Given the unusual nature of the frequency, I'm hesitant to classify as a bug, though we should be able to better handle such an input than silently "break" like this I think.

Comment From: jreback

there is an open issue about this already

Comment From: jreback

https://github.com/pandas-dev/pandas/issues/7996

much more idiomatic to simply do:

In [16]: # We create a list of strings. 
    ...: time_str_arr = ['2017-06-30T13:51:15.854', '2017-06-30T13:51:16.250',
    ...:                 '2017-06-30T13:51:16.452', '2017-06-30T13:51:16.659']
    ...: 

In [17]: pd.to_datetime(time_str_arr).floor('10ms')
Out[17]: DatetimeIndex(['2017-06-30 13:51:15.850000', '2017-06-30 13:51:16.250000', '2017-06-30 13:51:16.450000', '2017-06-30 13:51:16.650000'], dtype='datetime64[ns]', freq=None)

numpy in general is not very friendly to any kind of non-standard datetimes. That said pandas should actually convert these non-ns dtypes.

Comment From: strazdinsg

Thanks for an elegant solution @jreback !

Comment From: abhimanyu3-zz

can we convert this to general timestamp... I am not able to do that and when i am applying groupby on this time stamp its not working..I am not even able to sort my columns and i am having millions of observation:- 2018-08-26T14:05:31.000Z The reason i am trying to sort it because i want to get a time series. I just want my time to be 14:05:31 which is general pd.datetime and on which i can perform groupby or sort whatever i want.

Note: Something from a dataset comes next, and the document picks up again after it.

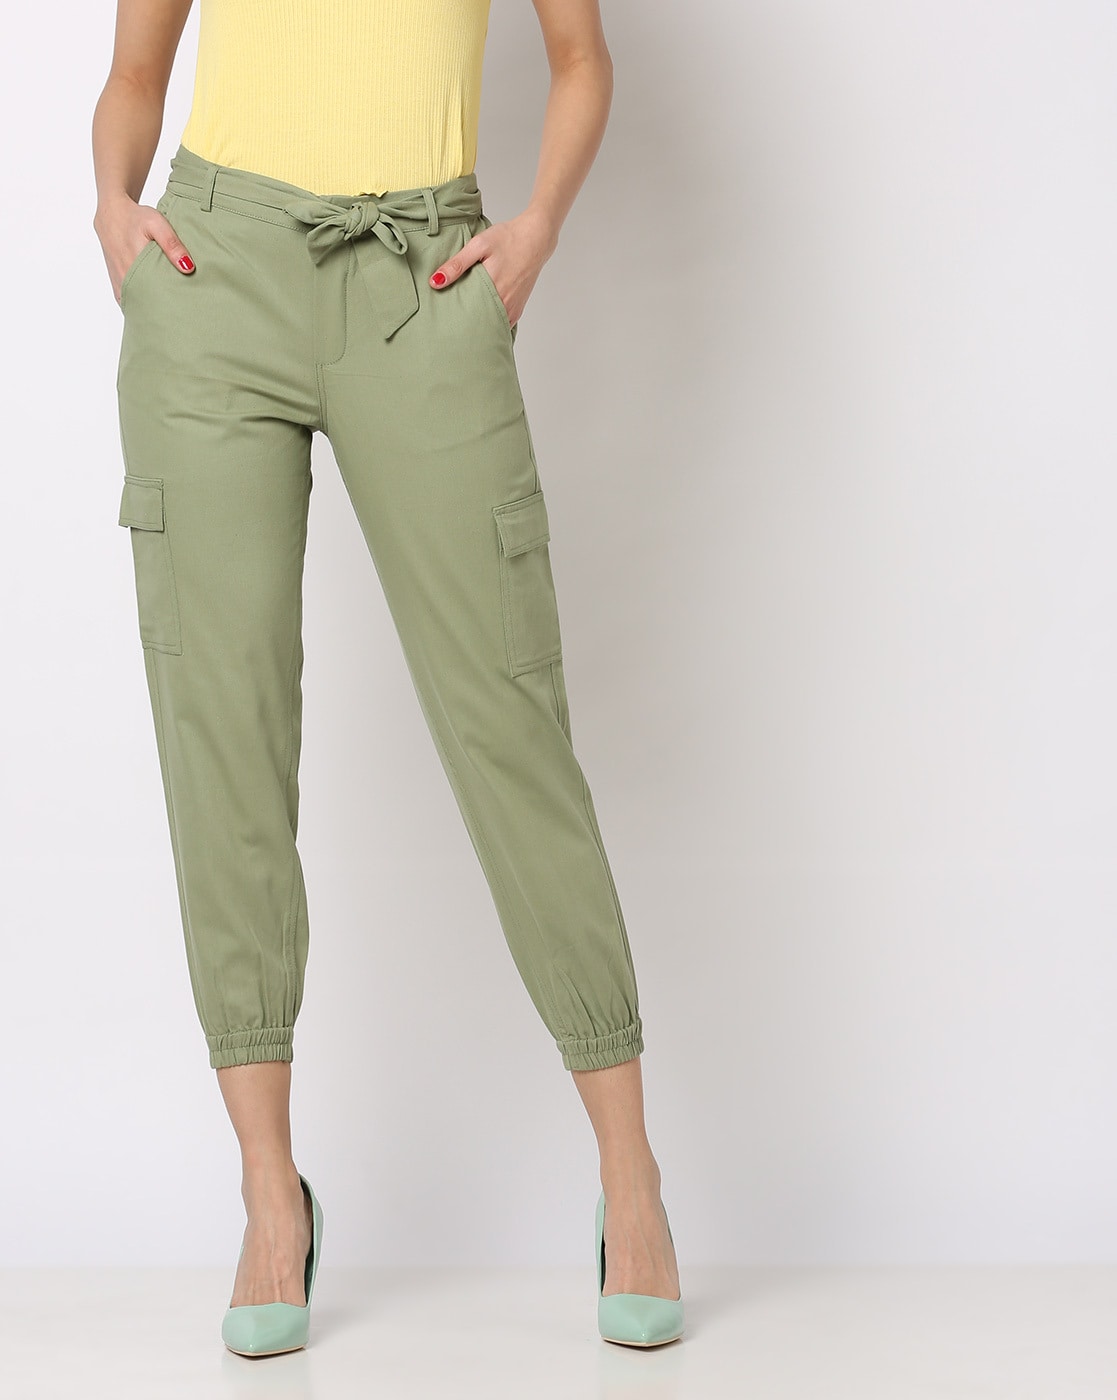 Khaki Cargo Pants with Floral Shirt Outfits 3 ideas  outfits  Lookastic

I will really appreciate your help @jreback

Comment From: jeybrahms

This issue is not limited to exotic types, e.g. it applies to datetime64[D], and it has nothing to do with formatting. The issue appears to be that the resolution changes to ns when a numpy array gets stored in a DataFrame or Series. Here is an example:

make [D] array

In [194]: x = np.array(['2018-01-03'], dtype='datetime64[D]')

put it into pd.Series and extract the values

In [195]: y = pd.Series(x).values

note the dtype has changed to [ns]

In [196]: y.dtype Out[196]: dtype('<M8[ns]')

turns out x and y arrays are not interchangeable. This creates subtle bugs in cython code.

In [197]: x.view('int') == y.view('int') Out[197]: array([False])

Comment From: TomAugspurger

@jeybrahms pandas only supports nanosecond-precision datetimes currently.